Zespół „NIESPODZIANKA” istnieje właściwie od maja 1998 roku. Założycielką i kierowniczką zespołu jest Pani Weronika Wilczyńska, która przed tym była długoletnią przewodniczącą Koła Godpodyń. Zespół liczy 12 pań, a akompaniuje im pięciu panów, grających na trąbce, akordeonie, perkusji i tamburynie.
Zespół posiada w swym repertuarze ludowe pieśni polskie, ukraińskie oraz chorwackie. Oprócz pieśni o typowo ludowym charakterze zespół wykonuje również kolędy i pastorałki, piosenki patriotyczne i kościelne.

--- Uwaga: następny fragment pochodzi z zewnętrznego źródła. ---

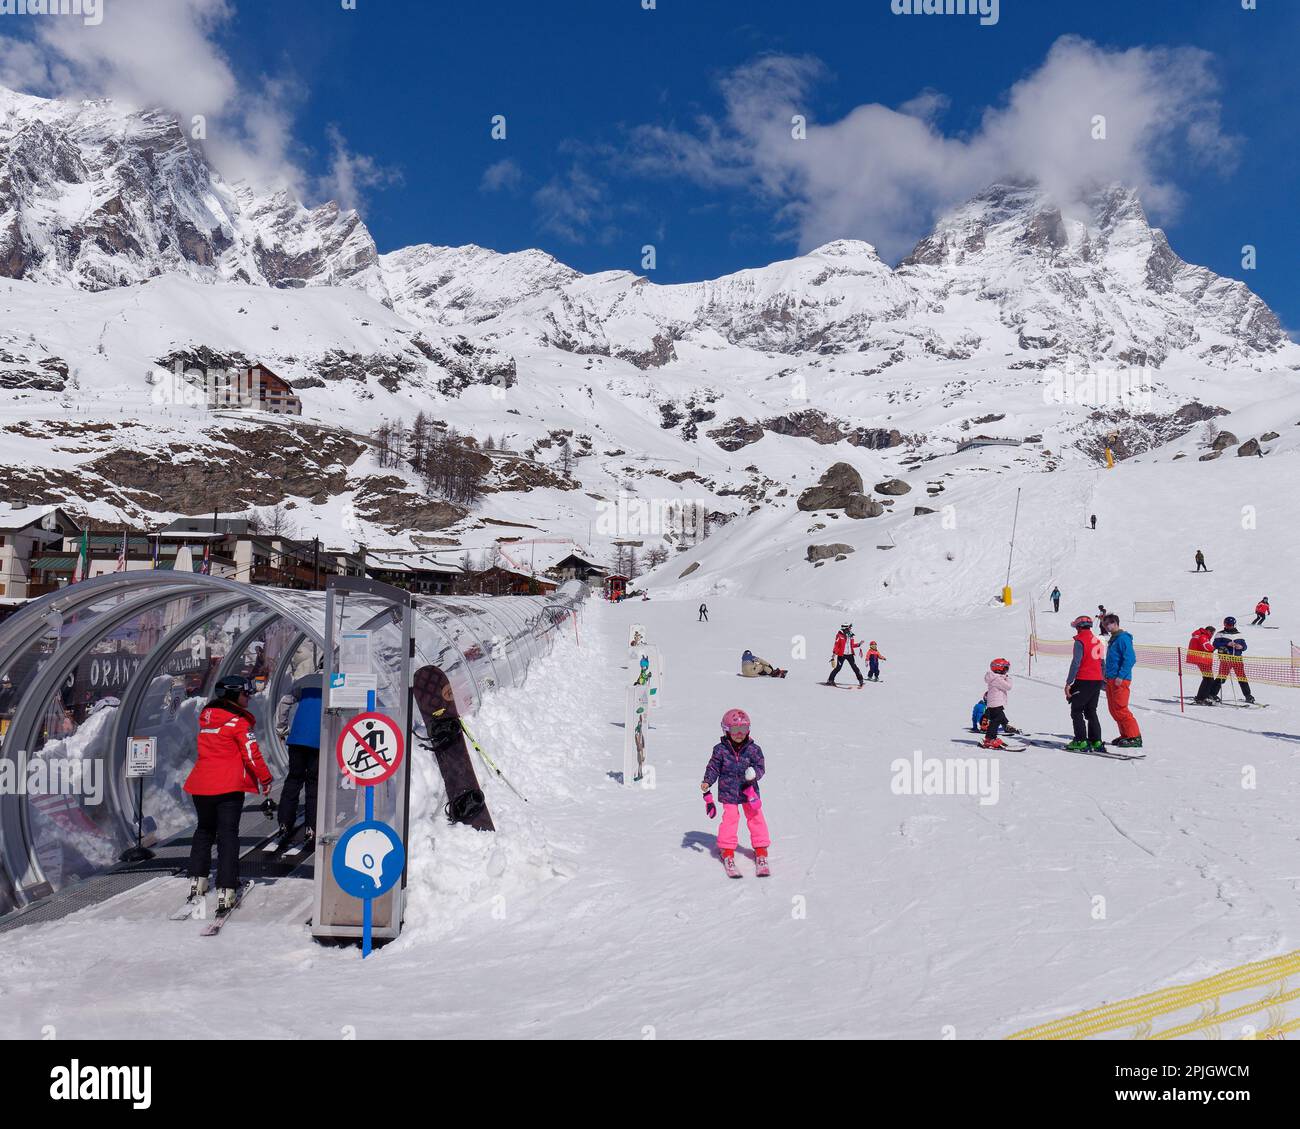 Les skieurs de la station de ski de Breuil-Cervinia, dans la vallée d'Aoste en Italie, avec une remontée mécanique en polytunnel et la montagne couverte de neige Cervino alias Matterhorn derrière. Banque D'Images

Zespół znany jest przede wszystkim w powiecie bolesławieckim. Uczestniczy w wielu przeglądach i konkursach krajowych jak również międzynarodowych. Występuje na różnych uroczystościach na terenie powiatu, a nawet województwa. Grupa od 20 lat regularnie bierze udział w Festiwalu Kultury Południowo-Słowiańskiej w Bolesławcu, kilkakrotnie zdobywając wyróżnienia. Od około 15 lat śpiewają również podczas Bogatyńskiego Międzynarodowym Festiwalu Piosenkarzy Dojrzałych "Śpiewający Seniorzy". Występują też w Ojcowicach na Festiwalu Piosenki i Folkloru, w Chojnowie na przeglądzie Piosenki Religijno-Patriotycznej, gdzie zdołali już trzykrotnie zdobyć pierwsze miejsce a raz drugie i trzecie. Drugie miejsce zdobyli w Kobierzycach na Festiwalu Piosenki Ludowej, a w Krotoszycach na Przeglądzie Zespołów Ludowych miejsce pierwsze. Zobaczyć i usłyszeć można było zespół także na Przeglądzie Piosenki Śpiewająca Wieś, na dożynkach w Lubuskiem, gdzie otrzymali pierwsze miejsce. Już od wielu lat jeżdżą do Lichenia, gdzie też odbywa się zjazd Kół Gospodyń Wiejskich. Występowali tam kilkakrotnie zdobywając wyróżnienia oraz pierwsze miejsce. Natomiast na przeglądzie w Gminie Polkowice okazali się najlepsi spośród 38 zespołów i otrzymali nagrodę pieniężną, za którą zakupili sobie materiał na kamizelki do strojów ludowych.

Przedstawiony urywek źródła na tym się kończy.